Toner particle 34, composed of colored particle 36 and preferably having a
layer of a resin 35 absorbed therearound, determines the color of the
developed image, and provides higher saturation of color as the diameter
thereof decreases. The color of the developed toner image also acquires
higher saturation as the amount of particles 34 increases with respect to
that of particles 37 but the photoconductive property of toner layer is
simultaneously deteriorated to provide satisfactory balance between color
and photoconductivity the ratio between the amounts of particles 37 and
particles 34 should be controlled within a suitable range. Although this
range is dependent to some extent on the sizes of both particles,
typically from about 5 to about 104 parts by weight of photoconductive
particles 37 are used for every 100 parts by weight of toner particles 34,
for typical particle sizes of particles 37 and 34 of from about 0.1 to
about 1micron and from about 0.01 to about 0.5 micron respectively. The
toner particle 34 may comprise any suitable colorant from the group of
well known dyes and pigments. Typically in multiple development color
electrophotography three liquid developers are provided each one
containing one of the three subtractive primaries yellow, magenta and
cyan. Typical well known specific colorants lacking photoconductive
properties include benzidine yellow, carmine, millory blue, rhodamine,
titanium yellow and Hansa yellow. When the colorant is an organic dye it
is preferably insoluble in the carrier liquid and since the specific
gravities of usual organic dyes and typical photoconductors such as zinc
oxide are from about 1.5 to about 2 and about 5.6 respectively, the above
weight ratio can be converted into 1.3-3500 parts by volume of zinc oxide
particles 33 with respect to 100 parts by volume of dye particles 36, with
the amount of resin 32 and 35 around the core particles 33 and 36 being
neglected. Zinc oxide present in excess of this range will result in
unfavorable color reproduction whereas the toner layer will show
insufficient photoconductivity if the amount of zinc oxide does not reach
this range.
Any suitable well known insulating liquid may be employed as the vehicle
for the photoconductive particles and toner particles. Typical well known
materials have volume resistivities greater than about 10.sup.10 ohm-cm so
as not to affect the electrostatic charge pattern on the insulating layer
and low dielectric constants of less than about 3.4. Typical specific
vehicles include among others, the nonpolar hydrocarbons and hydrocarbon
derivates such as benzene, kerosene, cyclohexane, toluene and carbon
tetrachloride.
In FIG. 2A, the toner layer shows high electric resistance as the layer is
composed of toner particles 10 electrically insulated from each other,
whereas in FIG. 4 the electric carrier formed by the effect of light in
the photoconductive particles 37 can easily unite with ions on toner
particles present in the proximity of said particles 37 due to the uniform
distribution of photoconductive particles 37 and toner particles 34 and
the smaller distance between said photoconductive particles 37.

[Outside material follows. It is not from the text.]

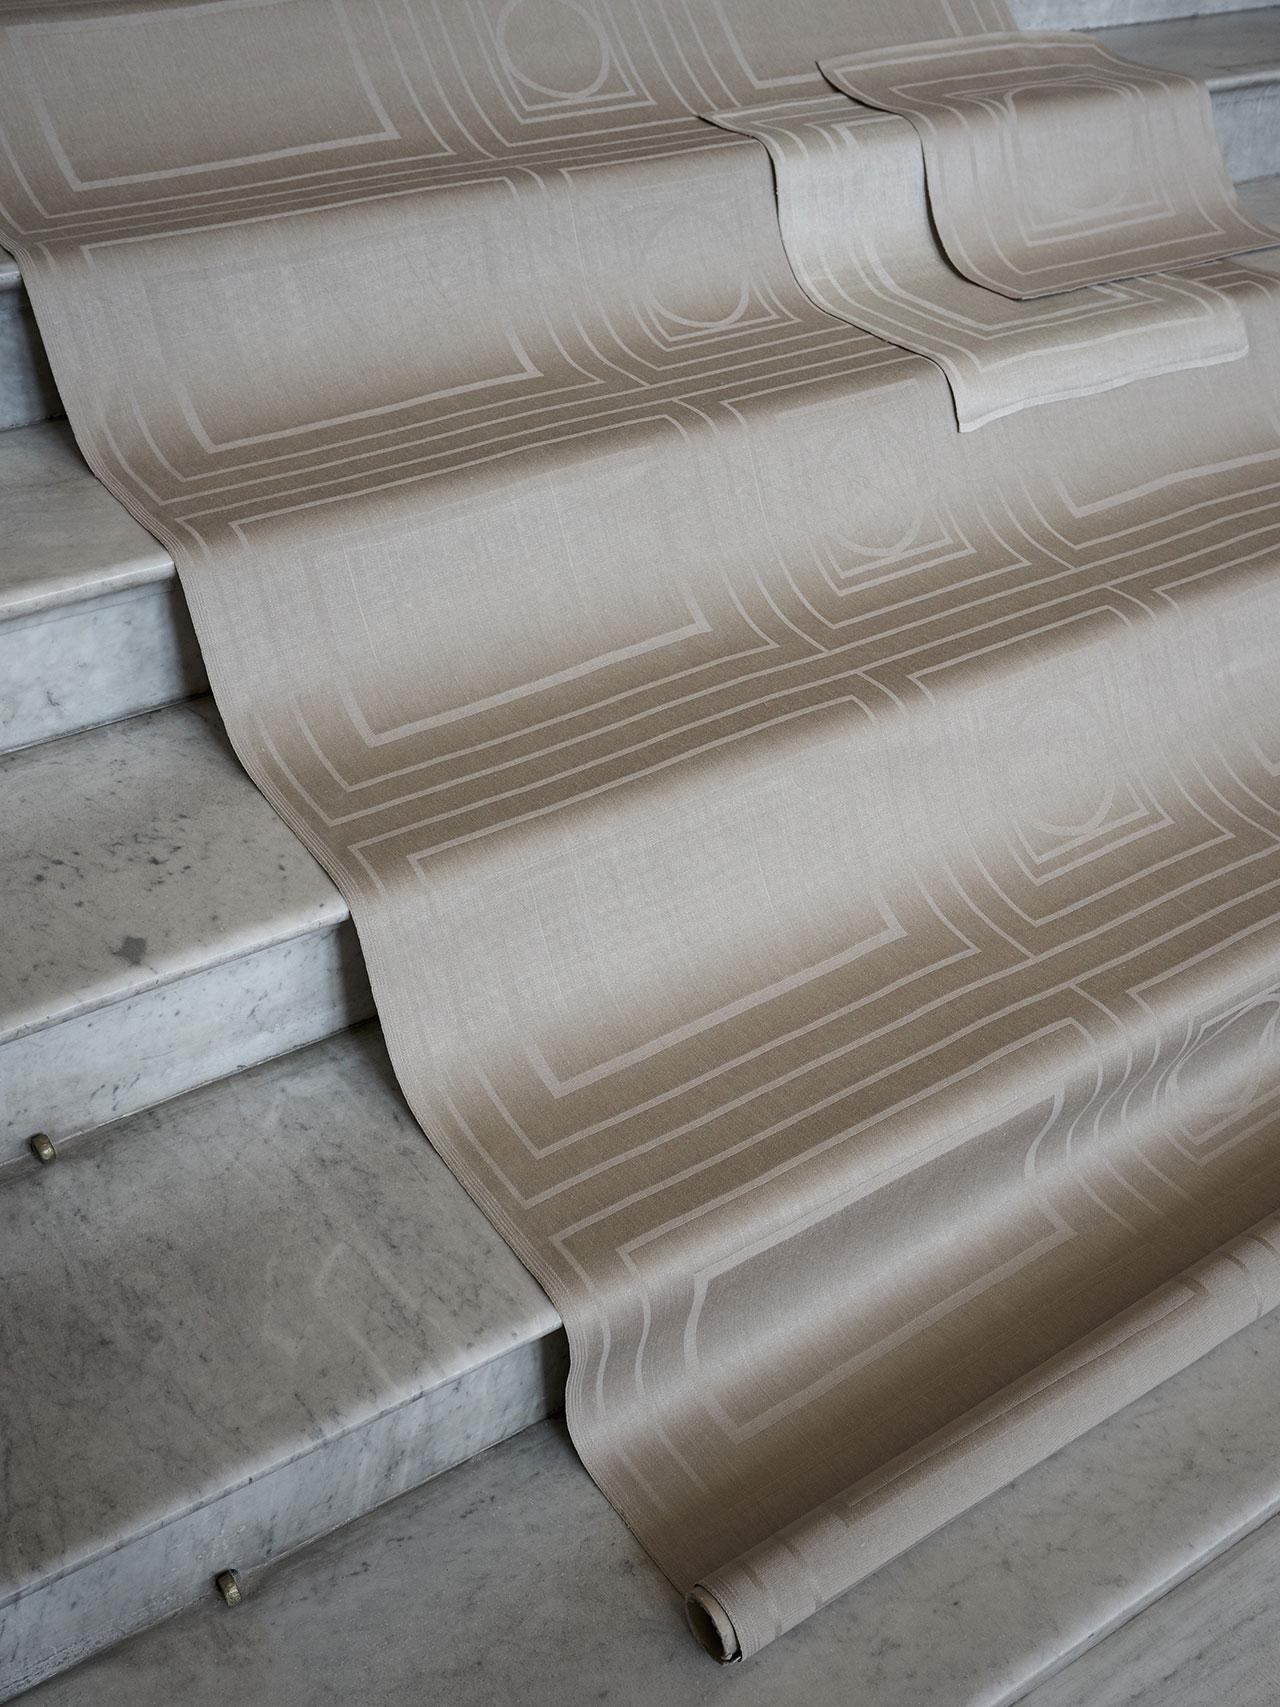 "NM& 065, NM& 066: ""Husets Linne"" linnen table cloths and napkins by Jakob Solgrenproduced by Klässbols Linneväveri. Photo by Pia Ulin."
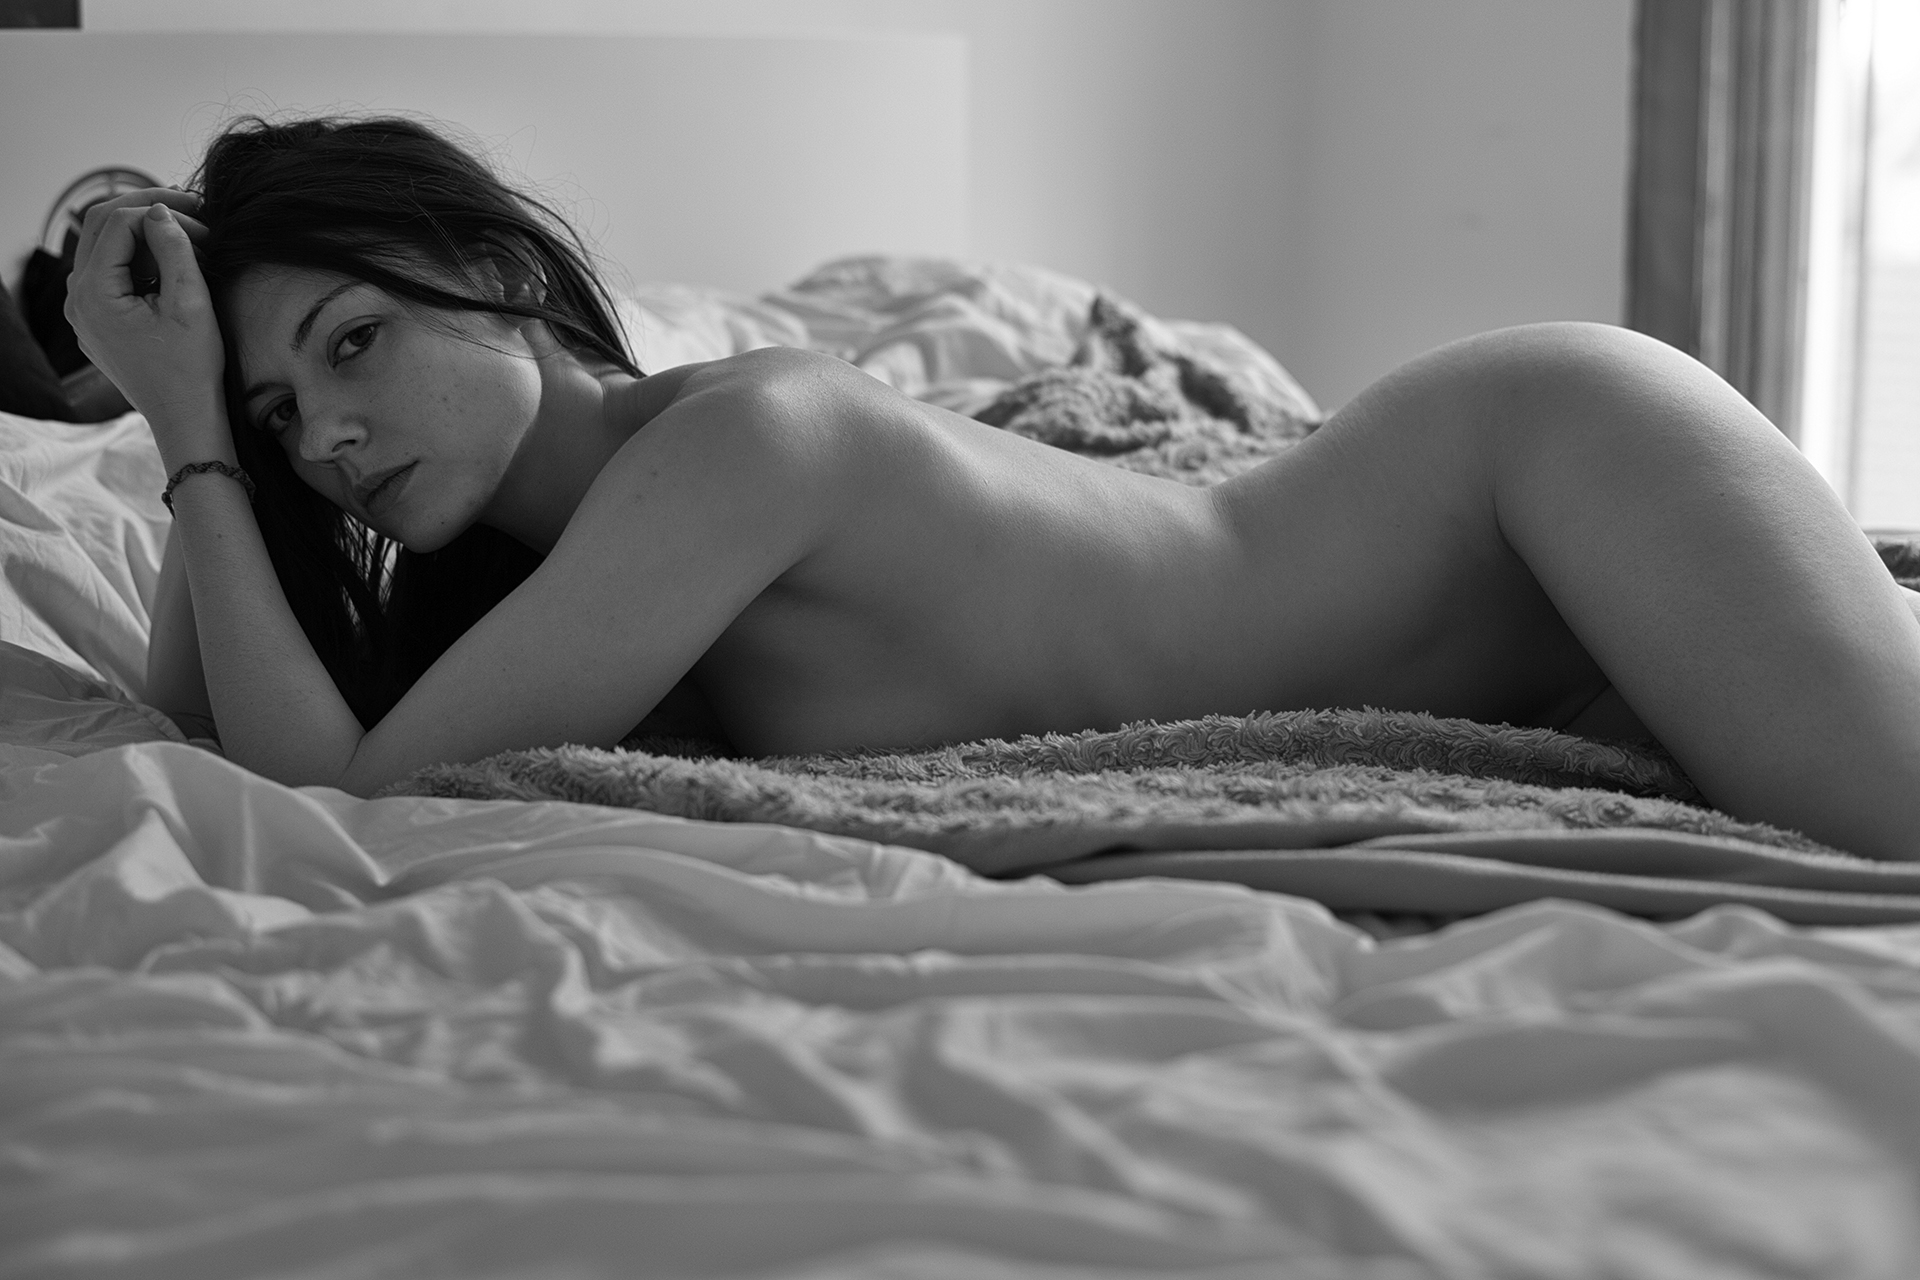 © Copyrigth - Alexandre Cicconi

Consequently, in the process of this invention, it is completely
unnecessary to melt the toner layer by heat to expose the photoconductive
particles. The present invention differs from the technique described with
respect to FIGS. 1 and 2 in that the electrostatic charge remaining on the
developed toner layer can be completely neutralized prior to development
in the second or third development step simply by contacting said layer
with an insulating liquid. In the liquid development technique with
multiple development the image bearing surface after the first development
step has been completed is subjected before contacting with the developer
of the next development step to a step of pre-bathing in which said
surface is brought into contact with a highly insulating liquid not
containing toner in order to neutralize the electrostatic charge still
remaining in the toner layer from the previous development sequence. The
sequence of steps in this multiple development technique may include
initial charging and exposure of the photoconductor through a suitable
first filter followed by development with the appropriately colored liquid
developer of this invention. The photoconductor with the first developed
toner image thereon is subjected to the pre-bathing technique of this
invention prior to the second imaging sequence comprising charging,
exposing through an appropriate filter and developing with the
corresponding colored liquid developer. After this second development
sequence the photoconductor bearing the first and second deveoped toner
image is subjected to an additional pre-bathing technique prior to the
development step of the third imaging sequence. While the above technique
describes the pre-bathing step as the initial step in the second and third
imaging sequence, it is necessary only that the photoconductor be
subjected to the pre-bathing technique prior to the development step in
the second and third imaging sequence. In this manner, any residual charge
remaining on the imaging surface from a prior imaging sequence is
effectively neutralized prior to subsequent deposition of toner in
response to an electrostatic charge pattern. Therefore, toner is
electrostatically attracted to only the image areas produced in each
imaging sequence and is not deposited on the photoconductor in response to
more than one or overlapping image areas of several imaging sequences. To
provide this result, the photoconductor may be subjected to the
pre-bathing treatment prior to charging, exposure or development in the
second and third imaging sequence.
During uniform electrostatic charging in the dark the zinc oxide
photosensitive paper as shown in the toner layer depicted in FIG. 4 is
electrostatically charged by the adsorption of ions. As shown in FIG. 5,
the surface potential of toner layer reaches V.sub.1 by means of
electrostatic charging such as by corona discharge carried out for a
period between time O and t.sub.1 in the dark, and then decreases to
V.sub.2 by interrupting said charging at time t.sub.1 and effecting
imagewise exposure from the time t.sub.1 and t.sub.2. The proportion of
photoconductive particles 37 is preferably as small as possible since a
larger proportion thereof will inevitably result in the deterioration of
color quality although a larger portion will enable the attainment of a
lower value of V.sub.2 against a determined amount of light of exposure.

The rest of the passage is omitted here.